I'm sure we all know exactly how you are feeling. I feel like I am losing it a lot lately. There is only so much you can do and take by yourself without completely falling apart!








That sounds like progress to me. But if you know for sure he is teething, I would honestly stop trying so hard. I gave in to her 'demands' and just decided to flow with whatever she needs/wants and it's a lot easier on you during such a hard time.

Make sure to nap as often as he does during the day (or just lay on the couch/bed whilst they are sleeping if you are like me and cant sleep during the day!) and don't plan anything too busy until DH comes home or even until this phase is over. It's just too much for one Mommy to handle sometimes, but rest assured you are doing such an incredible thing for your little boy! If he could tell you, I'm sure he would say "Thank you Mommy!"


----------



## Louisep

Aw, thanks Leonelover13. That made me feel so much better


----------



## Louisep

Bumping for the member who was asking for a crash course in NCSS.

But while I'm here...









Had a great night last night! Not sure why but from 11pm to 6am I think DS only woke twice







: There was a wakeful period from 9:30-11pm though, but I think later in the night we may have had a 3-4 hour stretch!


----------



## LeoneLover13

Quote:


Originally Posted by *Louisep* 
Bumping for the member who was asking for a crash course in NCSS.

But while I'm here...









Had a great night last night! Not sure why but from 11pm to 6am I think DS only woke twice







: There was a wakeful period from 9:30-11pm though, but I think later in the night we may have had a 3-4 hour stretch!

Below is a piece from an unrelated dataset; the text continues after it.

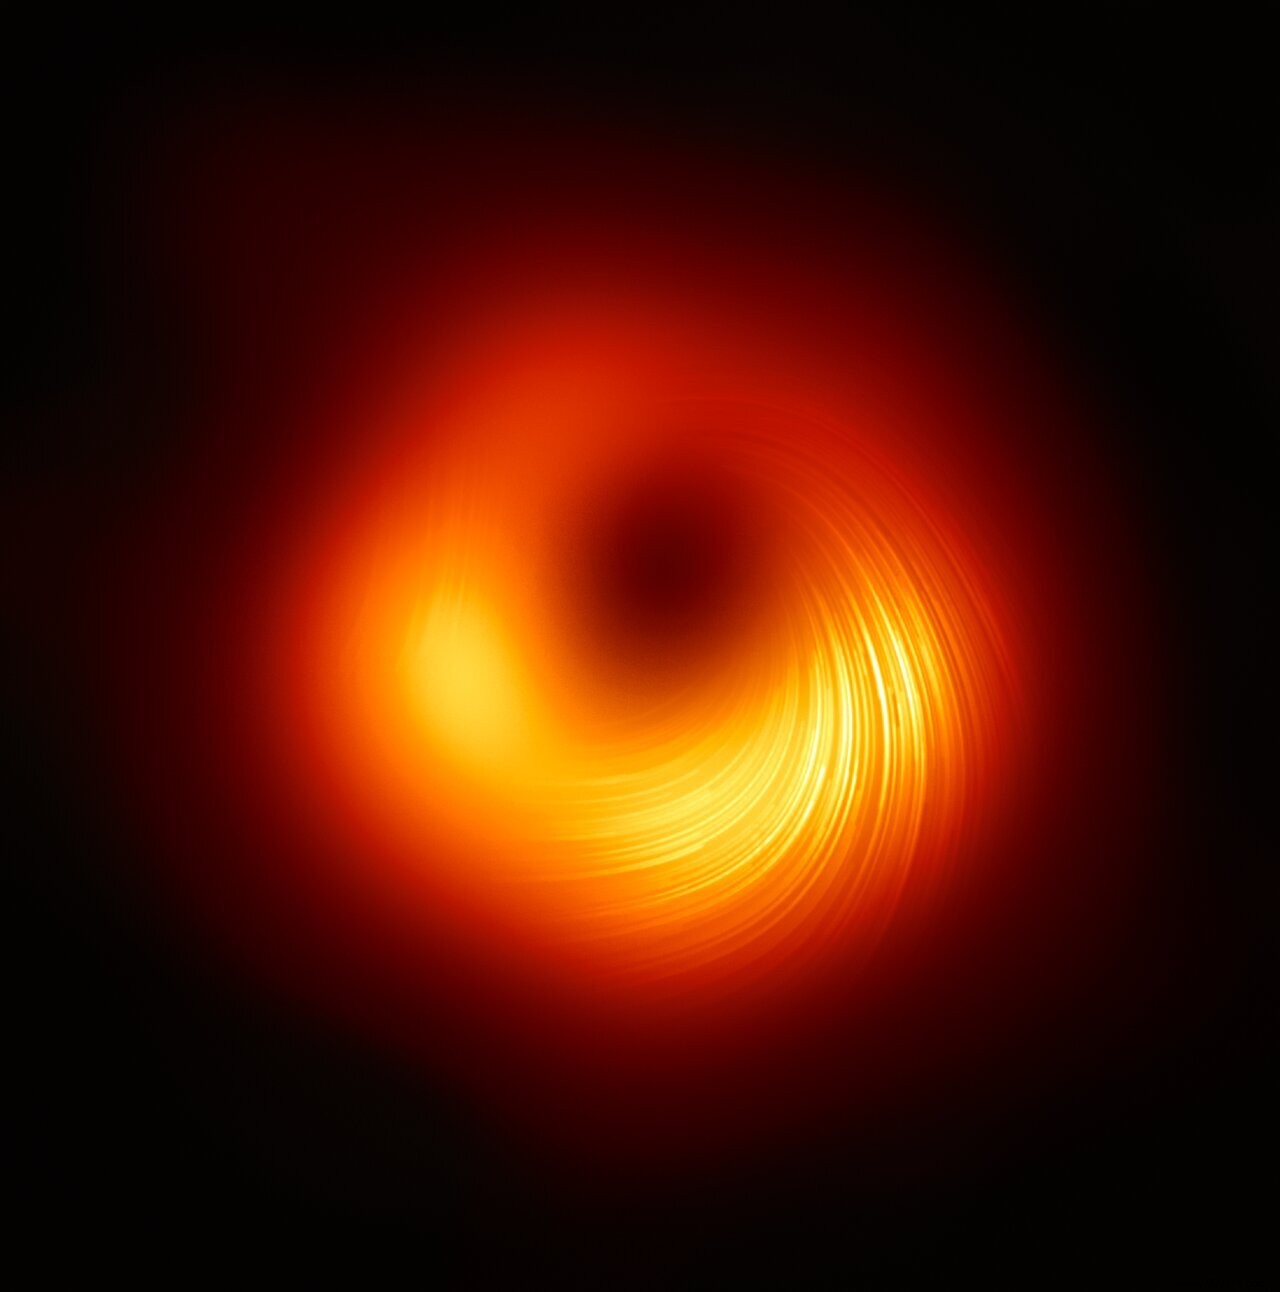 A new portrait of the most famous black hole

That's fantastic Louisep!!







:

I unfortunately have had the worst nights in a long time. I'm going to write a new post in the forum because I need help, I can't do this anymore. Plus all my stories are bad ones







I never seem to have any good news to share, so until I do, I shall live through you guys!


----------



## 100%mom

My baby slept from 9:30 til 1:30 last night without waking up!







:


----------



## Louisep

Quote:


Originally Posted by *100%mom* 
My baby slept from 9:30 til 1:30 last night without waking up!







:

That's awesome! What things have you been trying? I starting to do the phase approach to putting DS back down. We had a bad night last night after the relatively good night before. Oh well...


----------



## Louisep

Quote:


Originally Posted by *terrainthailand* 
I would think that using Pantley's 3-step approach to getting him to settle himself would be of great benefit here. It is not fun, but if you could try getting your DS to get used to falling asleep out of your arms, it might help him to go back to sleep when he wakes up and isn't hungry or anything. We haven't made it much past step 1, but I think it has been a big help. What I did was bounce or nurse DD until she was asleep and then rather than waiting until she was in deep sleep, I would immediately put her down, she would rouse a bit (which was what I wanted) and then I would "shhhush" her and pat her bottom. The first few days were rough, I had to keep picking her up and putting her back down. But it really did start to work. It helped me to put her down on her side, the butt was available for patting and it kept her from jerking or flailing around much when I set her down.

Let us know how you make out!!

Just starting to do this and it's going well so far. Well in the sense that I'm putting him down before he is in deep sleep, he rouses slightly, and then goes back to sleep without me having to pick him up again. However, I've only been doing this when I put him to sleep the first time at night.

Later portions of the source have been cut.